**What is required:**
Copy out each entry precisely; no image belongs in the result.

————————

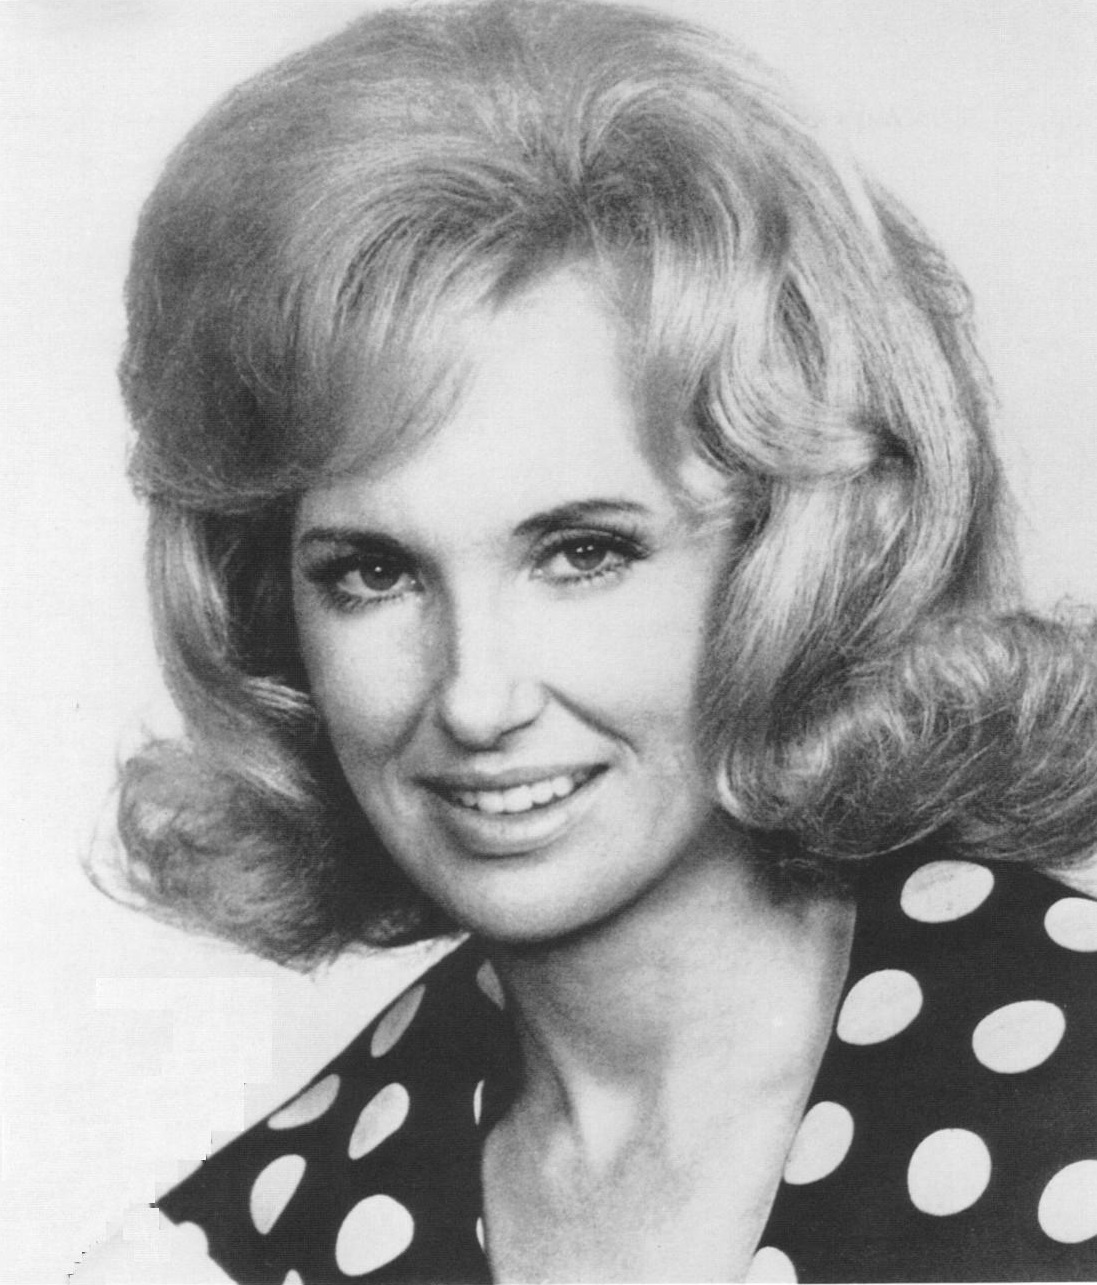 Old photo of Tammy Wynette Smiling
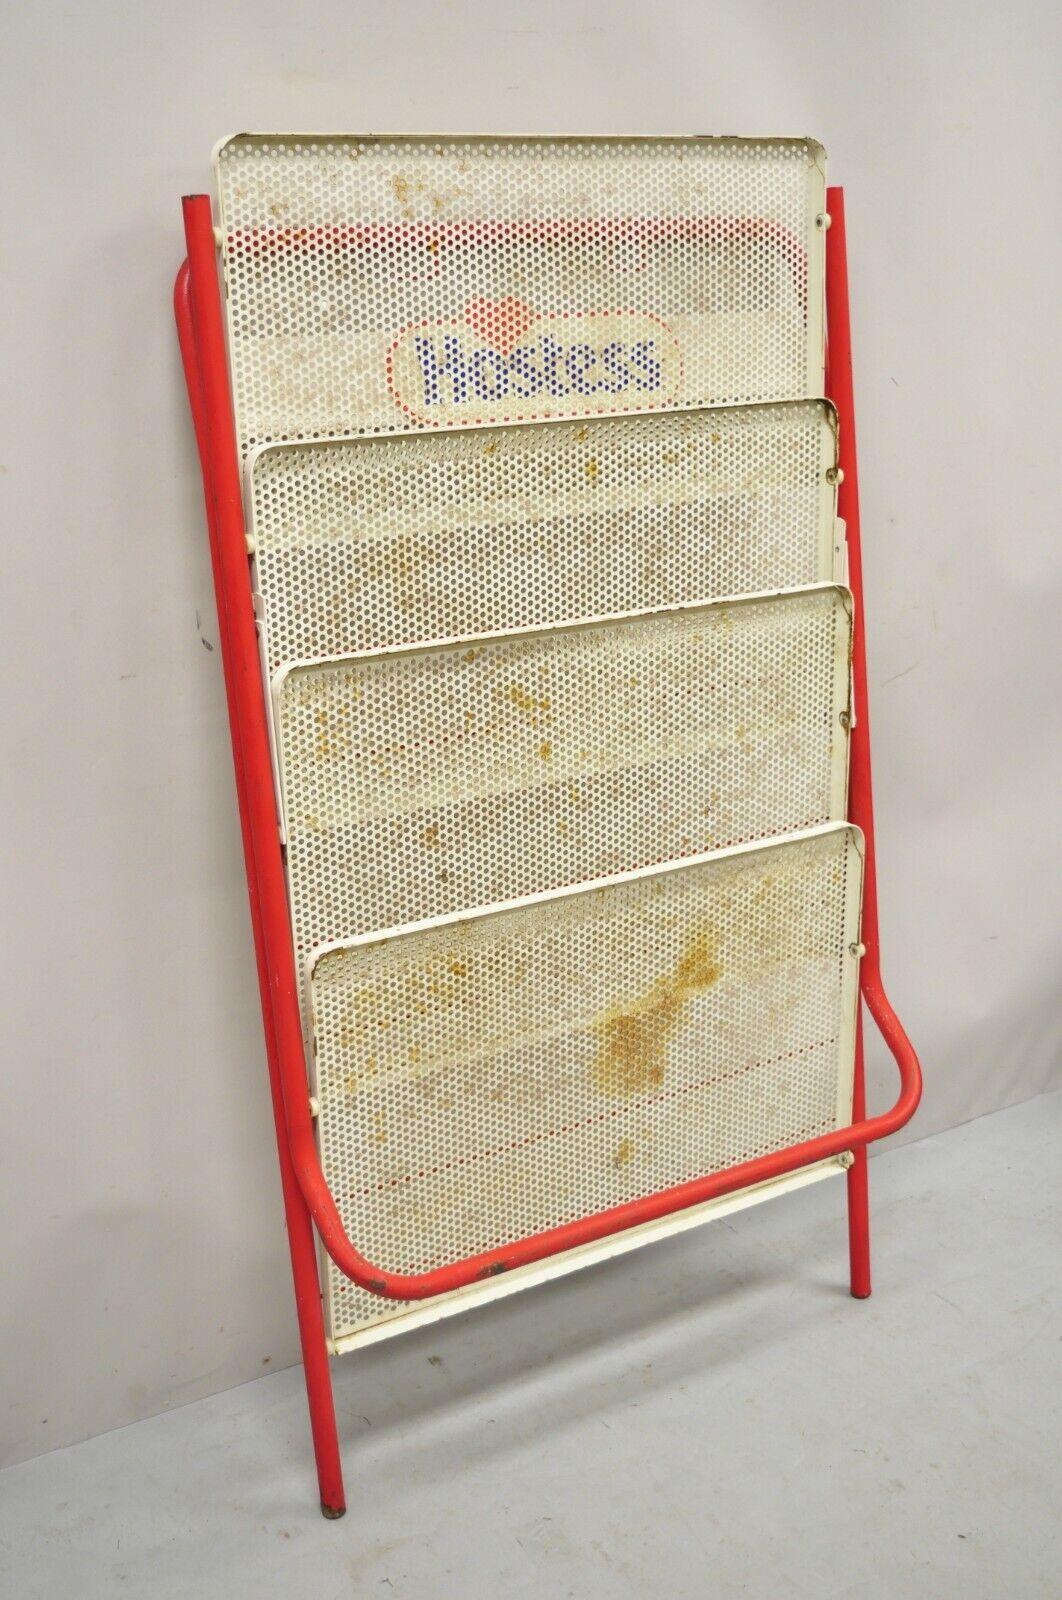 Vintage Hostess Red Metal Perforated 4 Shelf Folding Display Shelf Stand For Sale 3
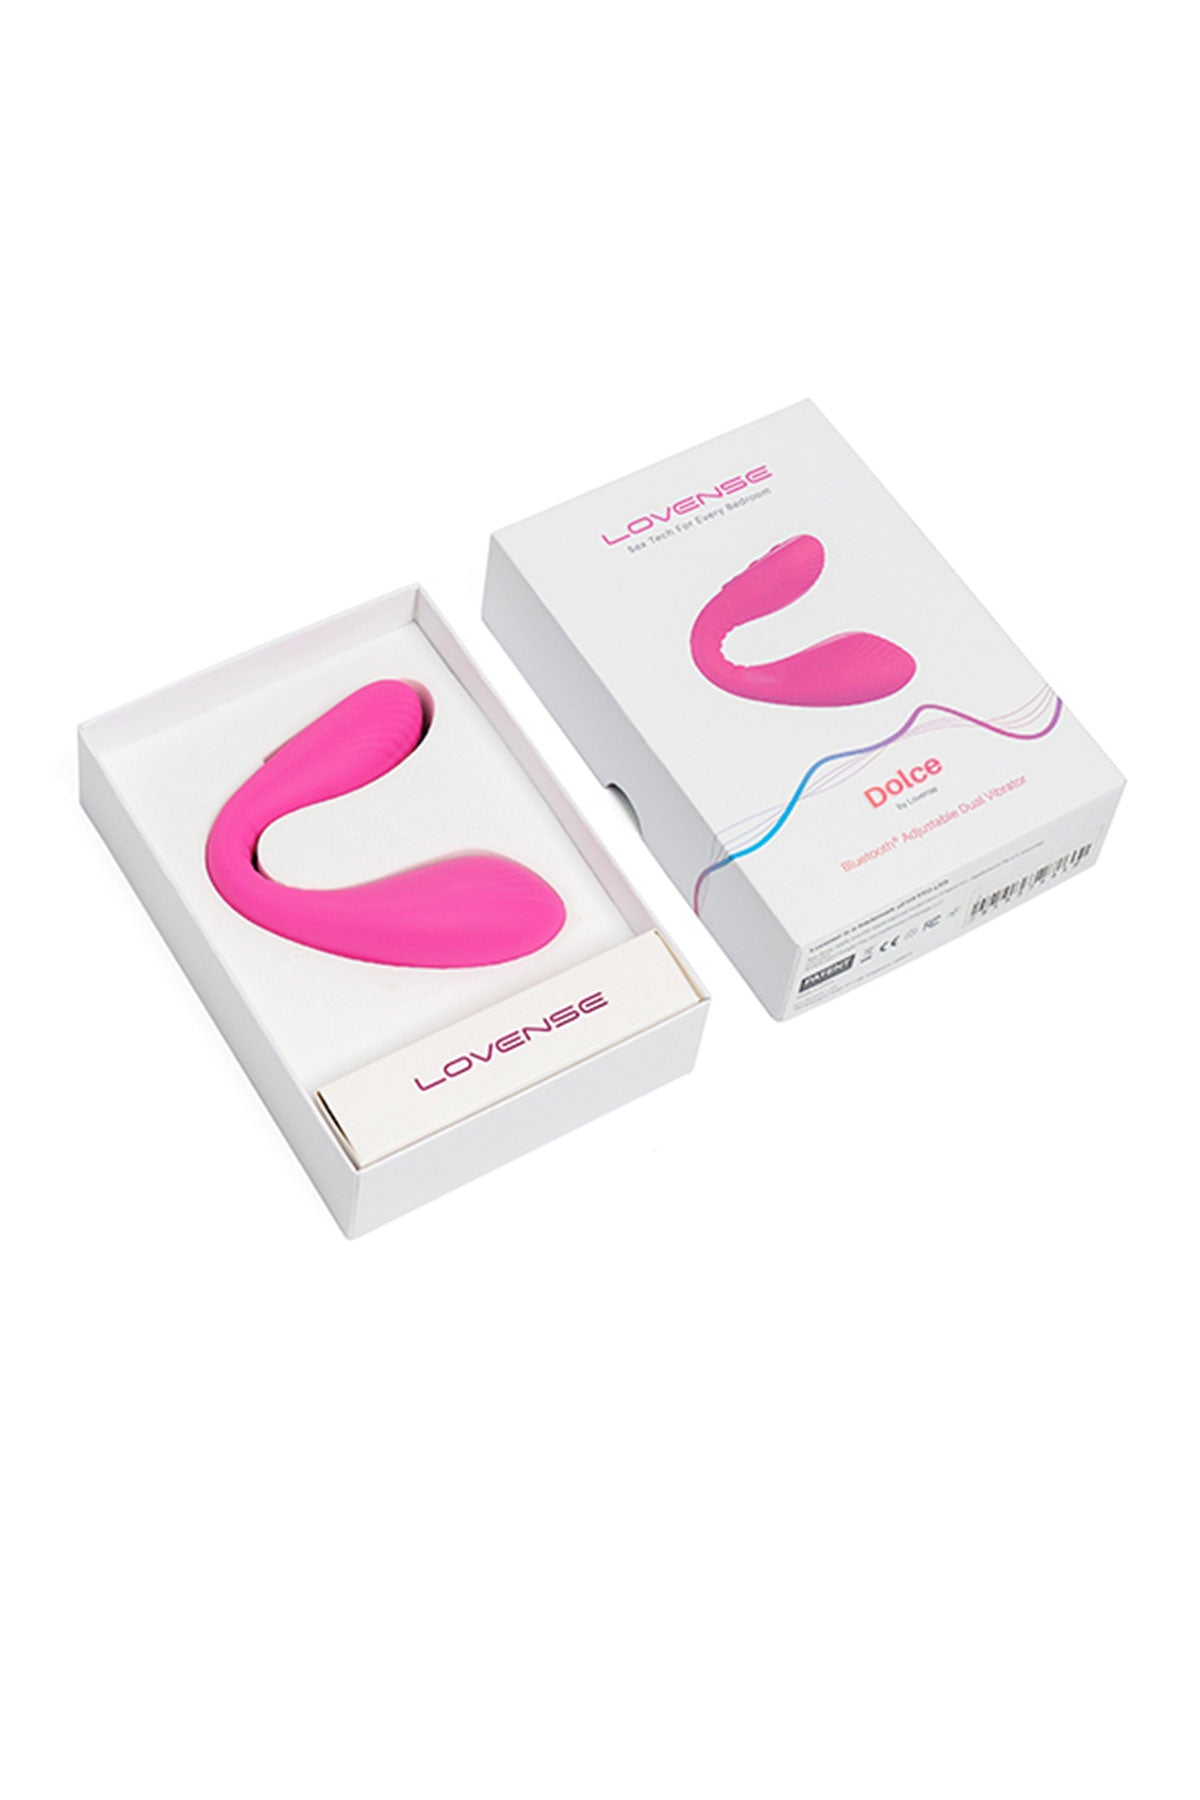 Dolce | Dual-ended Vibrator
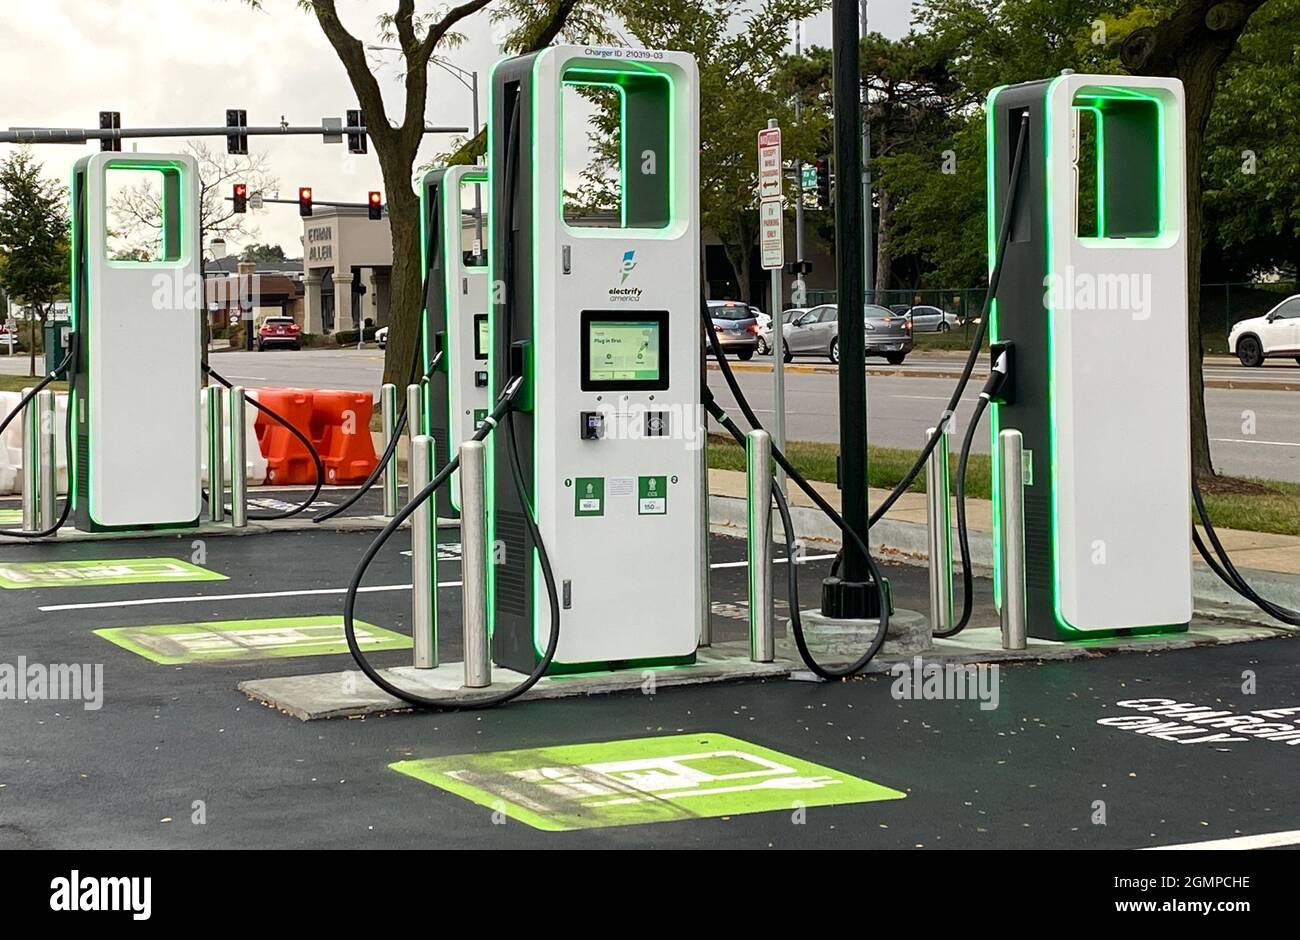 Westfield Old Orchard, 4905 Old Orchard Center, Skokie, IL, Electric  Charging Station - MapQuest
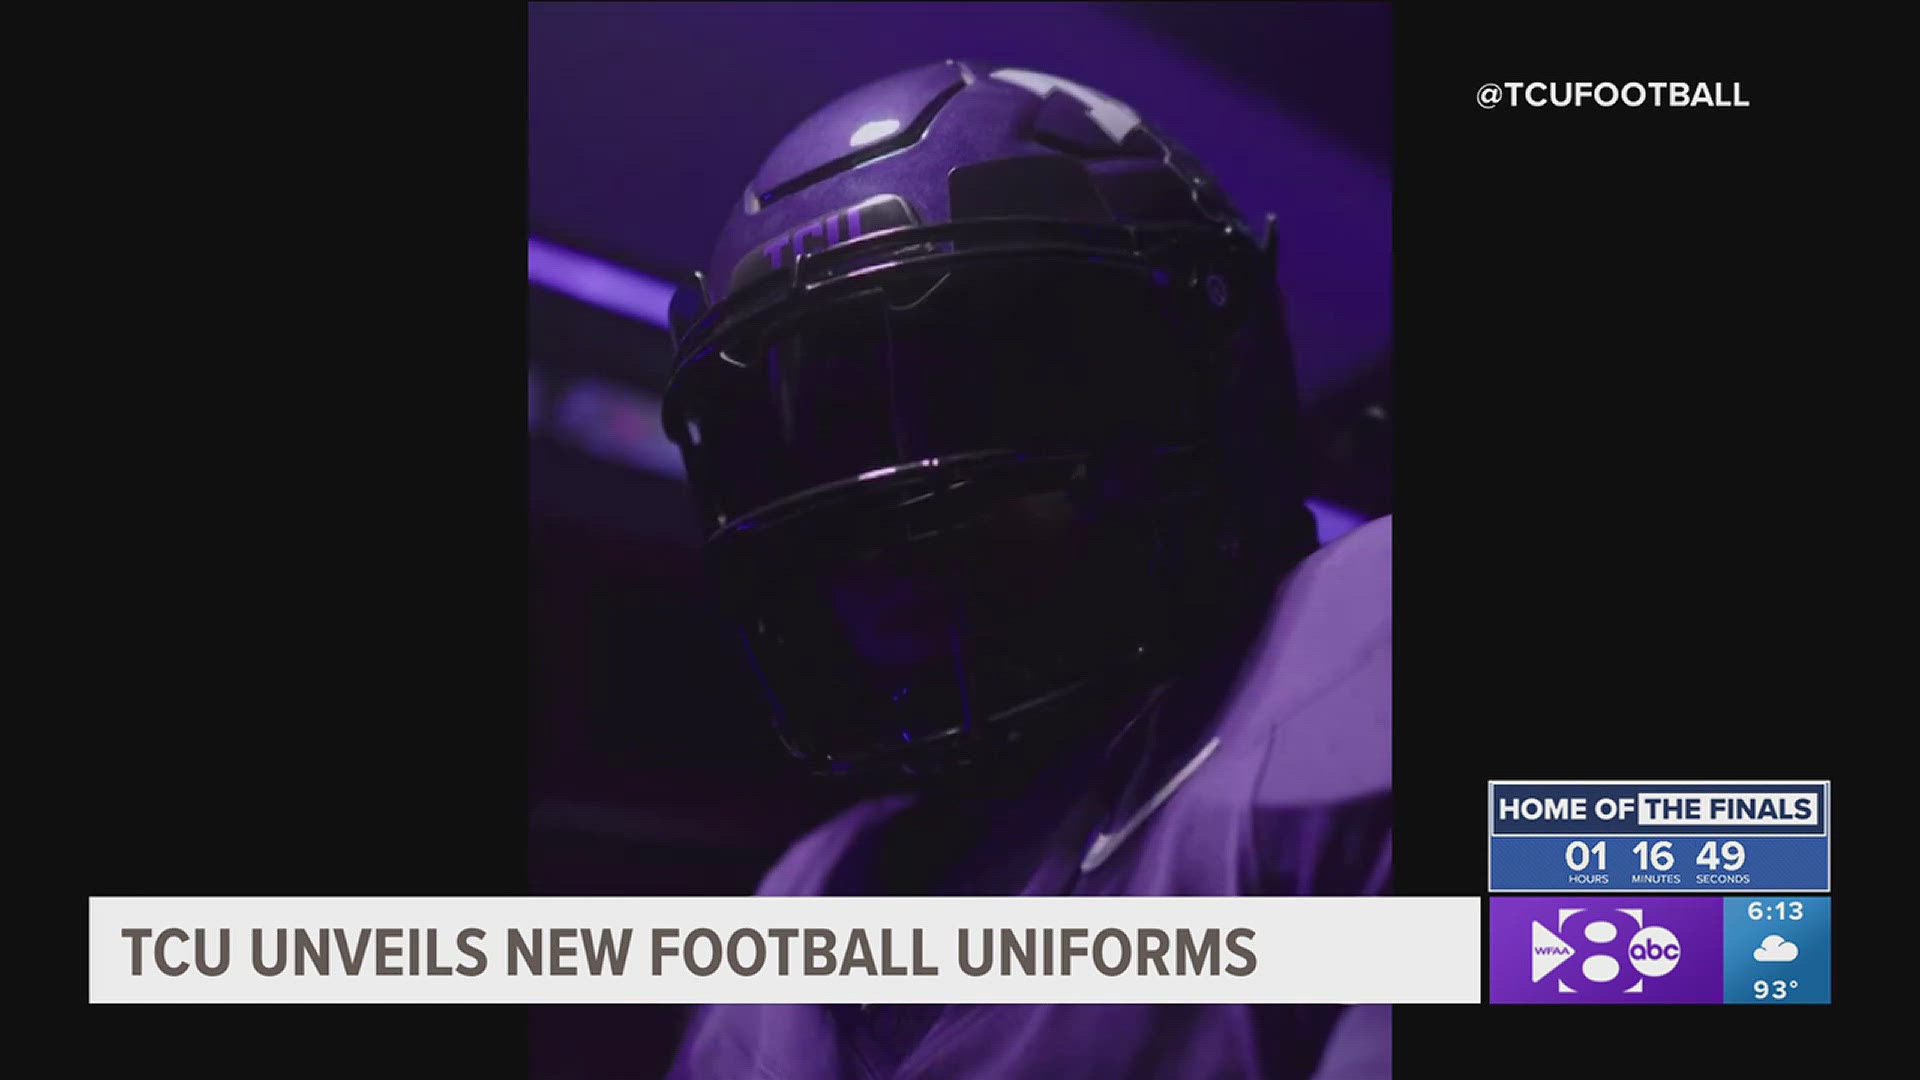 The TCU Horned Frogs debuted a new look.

————————

**Answer to this task:**
 Old photo of Tammy Wynette Smiling
 Vintage Hostess Red Metal Perforated 4 Shelf Folding Display Shelf Stand For Sale 3
 Dolce | Dual-ended Vibrator
 Westfield Old Orchard, 4905 Old Orchard Center, Skokie, IL, Electric  Charging Station - MapQuest
 The TCU Horned Frogs debuted a new look.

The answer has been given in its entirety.